The training data that was used during training for the model. This should be a data frame matching the data frame the model was given for training, which includes the label or outcome.

model

The object corresponding to the trained model that we want to make a Predictor object for. If this model doesn't have a generic predict method, the user has to provide a custom predict function that accepts a data frame.

task

The prediction task the model is trained to perform (`classification` or `regression`).

class

The class for which we get predictions. We specify this to get the predictions (such as probabilites) for an observation being in a specific class (e.g. Male or Female). This parameter is necessary for classification predictions with more than a single vector of predictions.

prediction.function

An optional parameter if the model doesn't have a generic prediction function. This should take a data frame and return a vector of predictions for each observation in the data frame.

y

The name of the outcome feature in the `data` data frame.

Methods


Method new()

Usage

Predictor$new(
  model = NULL,
  data = NULL,
  predict.func = NULL,
  y = NULL,
  task = NULL,
  class = NULL,
  type = NULL
)

Arguments

model

The object corresponding to the trained model that we want to make a Predictor object for. If this model doesn't have a generic predict method, the user has to provide a custom predict function that accepts a data frame.

data

The training data that was used during training for the model.

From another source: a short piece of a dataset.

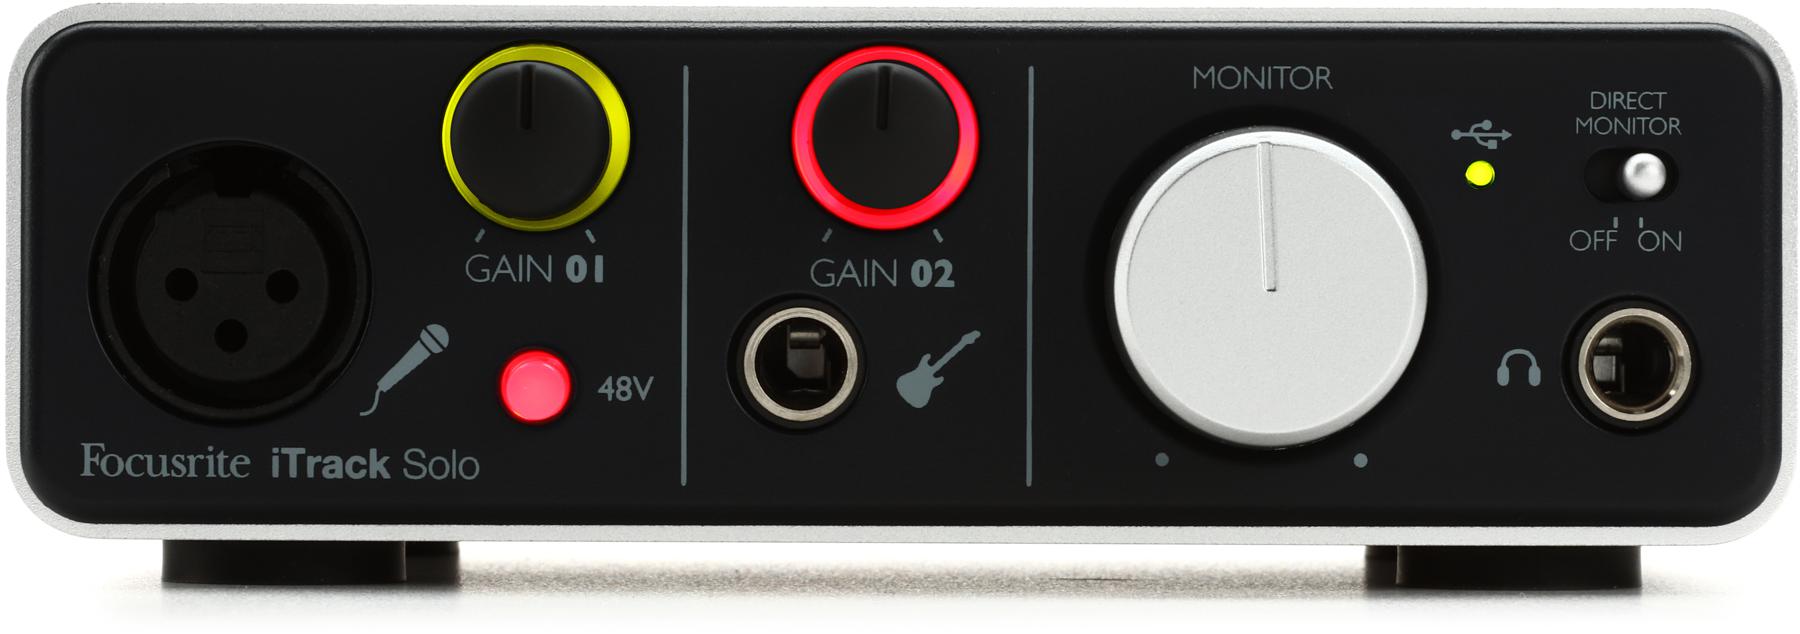 1. Focusrite Itrack Solo Lightning & USB Compatible Audio Interface

This should be a data frame matching the data frame the model was given for training, including the label or outcome.

predict.func

An optional parameter if the model doesn't have a generic prediction function. This should take a data frame and return a vector of predictions for each observation in the data frame.

y

The name of the outcome feature in the `data` data frame.

task

The prediction task the model is trained to perform (`classification` or `regression`).

class

The class for which we get predictions. We specify this to get the predictions (such as probabilites) for an observation being in a specific class (e.g. Male or Female). This parameter is necessary for classification predictions with more than a single vector of predictions.

type

The type of predictions done (i.e. 'response' for predicted probabliities for classification). This feature should only be used if no predict.func is specified.

Returns

A `Predictor` object.


Method clone()

The objects of this class are cloneable with this method.

Usage

Predictor$clone(deep = FALSE)

Arguments

deep

Whether to make a deep clone.

Examples

library(distillML)
library(Rforestry)
set.seed(491)
data <- MASS::crabs

levels(data$sex) <- list(Male = "M", Female = "F")
levels(data$sp) <- list(Orange = "O", Blue = "B")
colnames(data) <- c("Species","Sex","Index","Frontal Lobe",
"Rear Width", "Carapace Length","Carapace Width","Body Depth")

test_ind <- sample(1:nrow(data), nrow(data)%/%5)
train_reg <- data[-test_ind,]
test_reg <- data[test_ind,]


forest <- forestry(x=train_reg[,-which(names(train_reg)=="Carapace Width")],
y=train_reg[,which(names(train_reg)=="Carapace Width")])

forest_predictor <- Predictor$new(model = forest, data=train_reg,
y="Carapace Width", task = "regression")